- Doris Jones-Baker in her house in 2013
- Born: 1925 or 1926
- Died: 7 June 2020 (aged 94)
- Occupation(s): Historian Folklorist

Academic work
- Discipline: History Folklore
- Sub-discipline: Medieval history Early modern history Folklore History of Hertfordshire

= Doris Jones-Baker =

British-American historian and folklorist (c.1926–2020)

Doris Whipple Jones-Baker (c. 1926-7 June 2020) was a British-American historian and folklorist.

==Career==
Jones-Baker is a graduate of the University of California and George Washington University. She completed her PhD in history at University College London and held a fellowship at the Fletcher School of Law and Diplomacy.

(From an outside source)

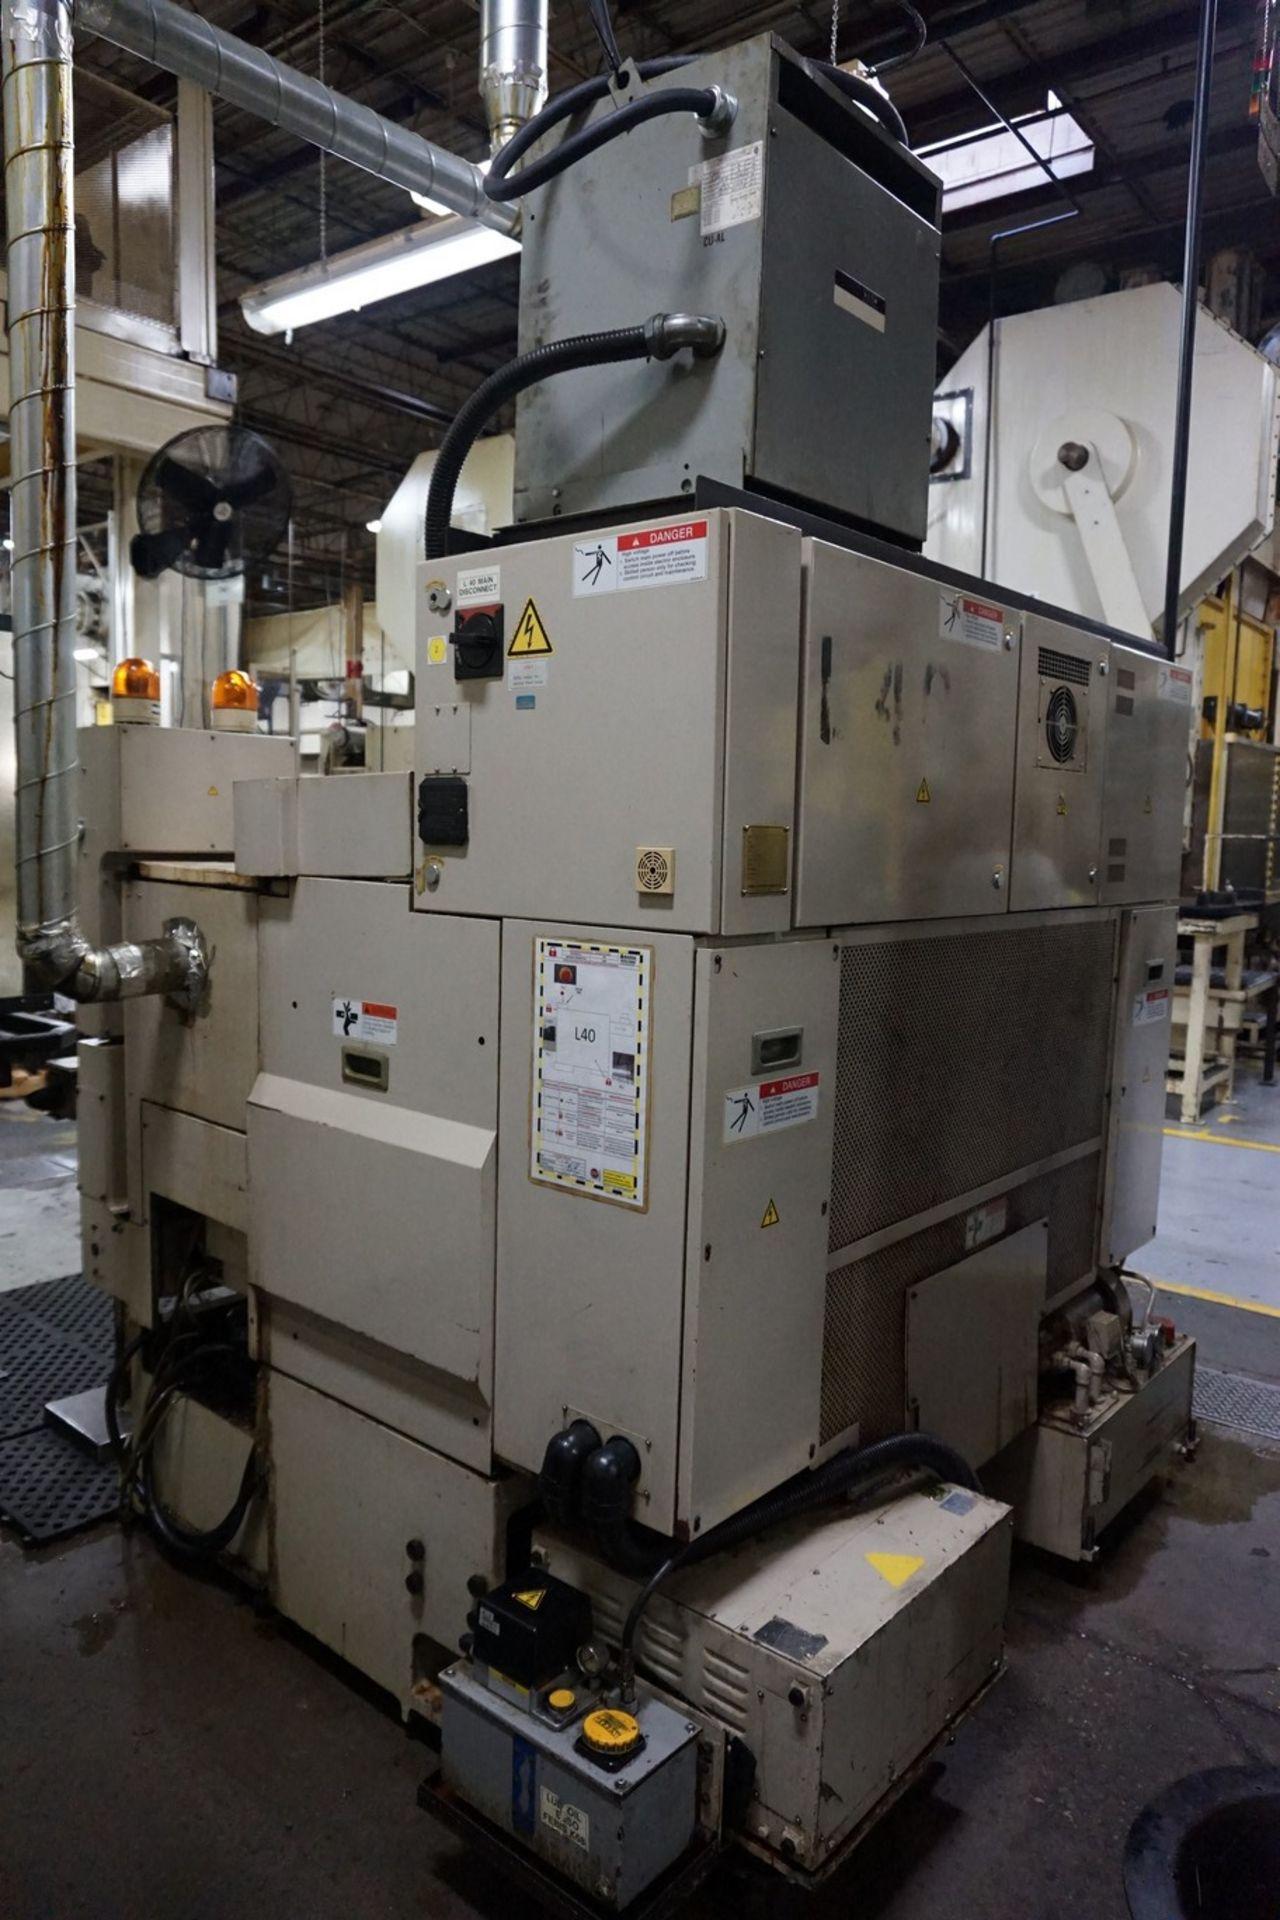 Okuma-Howa Model 2SP-15H CNC Lathe c/w Fanuc 18-TT Controller, Transformer - Image 5 of 6
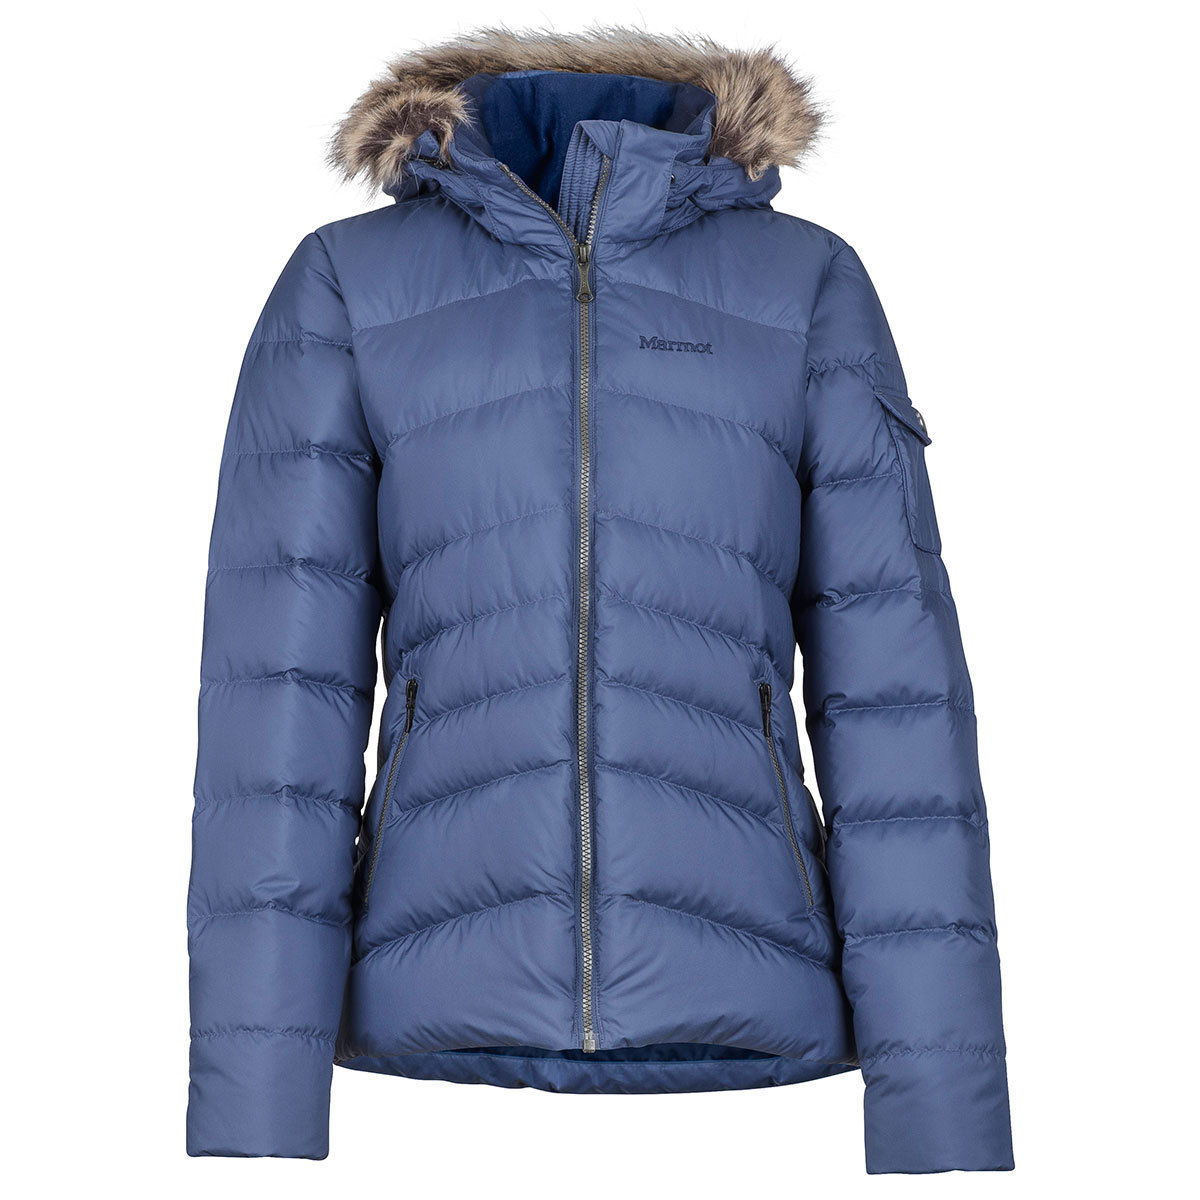 Marmot Woman's Ithaca Jacket - Blue, S

Doris initially worked for the US State Department as a historian before she moved to England with her husband, Lionel, in 1960. They settled in Whitwell, Hertfordshire.

Jones-Baker published numerous articles and books on Hertfordshire history and folklore and English medieval graffiti. She served on the council of the Hertfordshire Association for Local History, and the East Hertfordshire Archaeological Society. She was a co-editor of Hertfordshire Archaeology and served as a councillor and editorial member of the Huguenot Society of Great Britain and Ireland.

She was elected as a fellow of the Society of Antiquaries of London in March 1982 and was also a Fellow of the Royal Society of Arts.

==Select publication==
- Jones-Baker, D. 1974. Old Hertfordshire Calendar.
- Jones-Baker, D. 1977. The Folklore of Hertfordshire.
- Jones-Baker, D. 1987. Tales of Old Hertfordshire.
- Jones-Baker, D. 1989. "Graffito drawing of a medieval window, Welbourn Church, Lincolnshire", Antiquaries Journal 69, 312-314.
- Jones-Baker, D. 1990 A history of the Parish Church of St. Paul's Walden, Hertfordshire
- Jones-Baker, D. (ed) 1991. Hertfordshire in History: Papers presented to Lionel Munby.